For me, improvisation is about merging with the qualities of Nature, rather than the objects of Nature. It’s the flow, movement, density and textures that pass back and forth between us. Through improvisation I try to embody these qualities… her arcing, sparkling, darting, expansive qualities. And it goes the other way too. Sometimes I turn inwards, towards my somatic felt senses and notice how I feel in relation to the smells, the soil, the empty space. This leads to improvisational connections as well. To me, these inner felt senses and nature’s outwardly expressed qualities are the same. We are the same inside and out.

Improvisation Animates

The land is an aware and active canvas on which to create movement art.

During improvisation, Nature animates. She comes to life in the creative moment. This happens when we are in relation, in a creative relationship. The creative choices we make during the improvisation feels like a co-emerging process. During these moments of creativity, the landscape seems to toss, unravel, support and express independently, like an improvisational partner. Landscape and I… always a duet, at least a duet.

Improvisation is a Process of Finding through Imagination

The process of improvisation with the landscape is more about finding aesthetic moments as opposed to creating them. These artistic moments, for me, seem hidden or veiled. It is something Nature and I find together. We uncover them. We wait for them to be revealed.

One of the most important ways these moments are revealed is through the imagination, between I and the landscape. By imagination I mean a creative consciousness that is beyond thinking, doing, using, or even being. Imagination is an innate capacity in all things to transcend and express meaning. This meaning, is more of a non-specific meaning, a meaning such as presence or sacredness, beauty or individuality.

Improvisation Reveals Place

“The only mythology that is valid today is the mythology of the planet – and we don’t have such a mythology… Myths must be kept alive. The people who can keep them alive are artists. The function of the artist is the mythologizing of the environment and the world.” Joseph Campbell

When improvising in wildness, theses aesthetic moments can begin to have a sense of story of place. Or even myth. There is a necessity of expression emerging from place. From this particular place. The expression, to me, does not feel like an ancient indigenous myth or fairy tale. It doesn’t feel narrative. It feels new. More like a process of emerging-myths expressing themselves as movements, as images, as sounds. Between human and wildness. These aesthetic moments in improvisation do offer one way of capturing mythic moments.

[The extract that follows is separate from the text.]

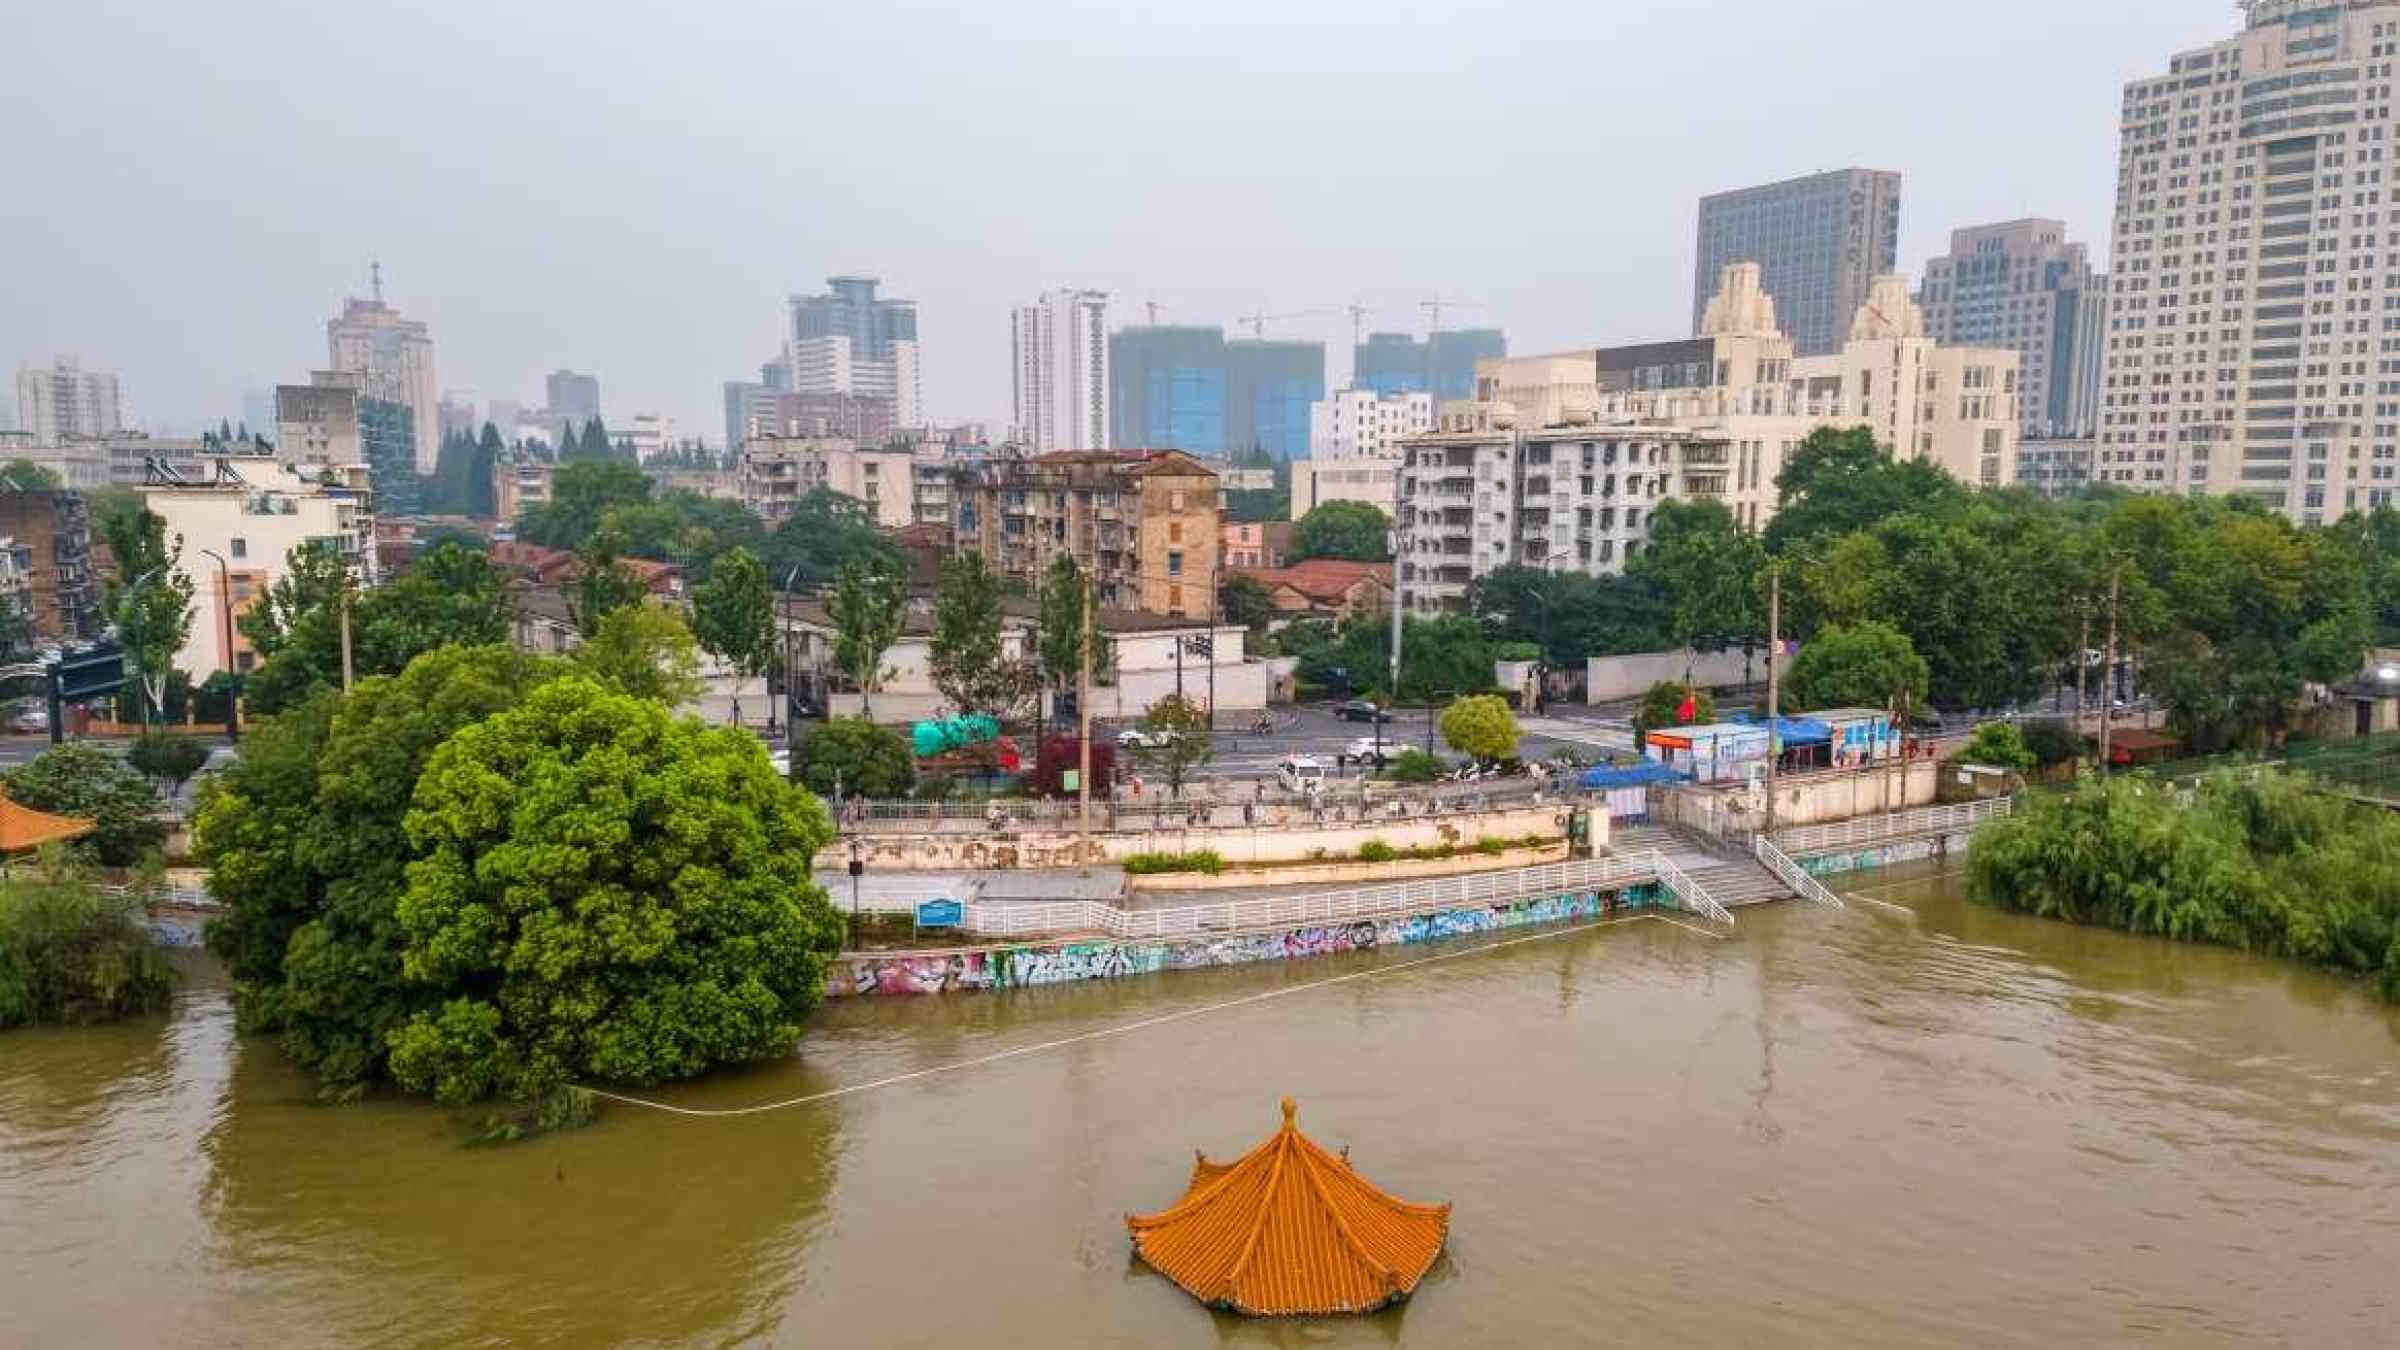 Wuhan,China-July 19 2020:Water level of the Yangtze River at wuhan station reached 28.51 meters, more than one meter above the warning water level. Sleepingpanda / Shutterstock.com

Human and Earth.

Improvisation and Somatic Meditations

A deepening of meditative experience, is a deepening of aesthetic experience.

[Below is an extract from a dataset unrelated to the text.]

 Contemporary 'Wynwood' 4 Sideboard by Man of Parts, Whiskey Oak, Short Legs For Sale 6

The somatic meditative or mindful experiences I encounter in Nature are very important in developing, deepening, and creating nuance in how I improvise with the land. Aesthetic experiences are very much linked to a state of mind. They are an opening into the unknown. They are a layering of the senses. They bring the imagination into the reality of experience.

Some of the somatic meditative experiences encountered in Nature:

the nuance of distance between the extremes of near and far revealing itself in the open tundra

silence experienced not as the absence of sound but as a landscape of feelings

an internal experience of natural objects morphing while drifting in a canoe on the swamp

the subtle differences between ‘walking’ and ‘wandering’, between ‘here’ and ‘place’

how boredom mysteriously leads to insight and freedom

These somatic mindful experiences, to me, are an integral part of the creative process. They reveal the wildness, the vitality, and the mystery of the connection between human and landscape.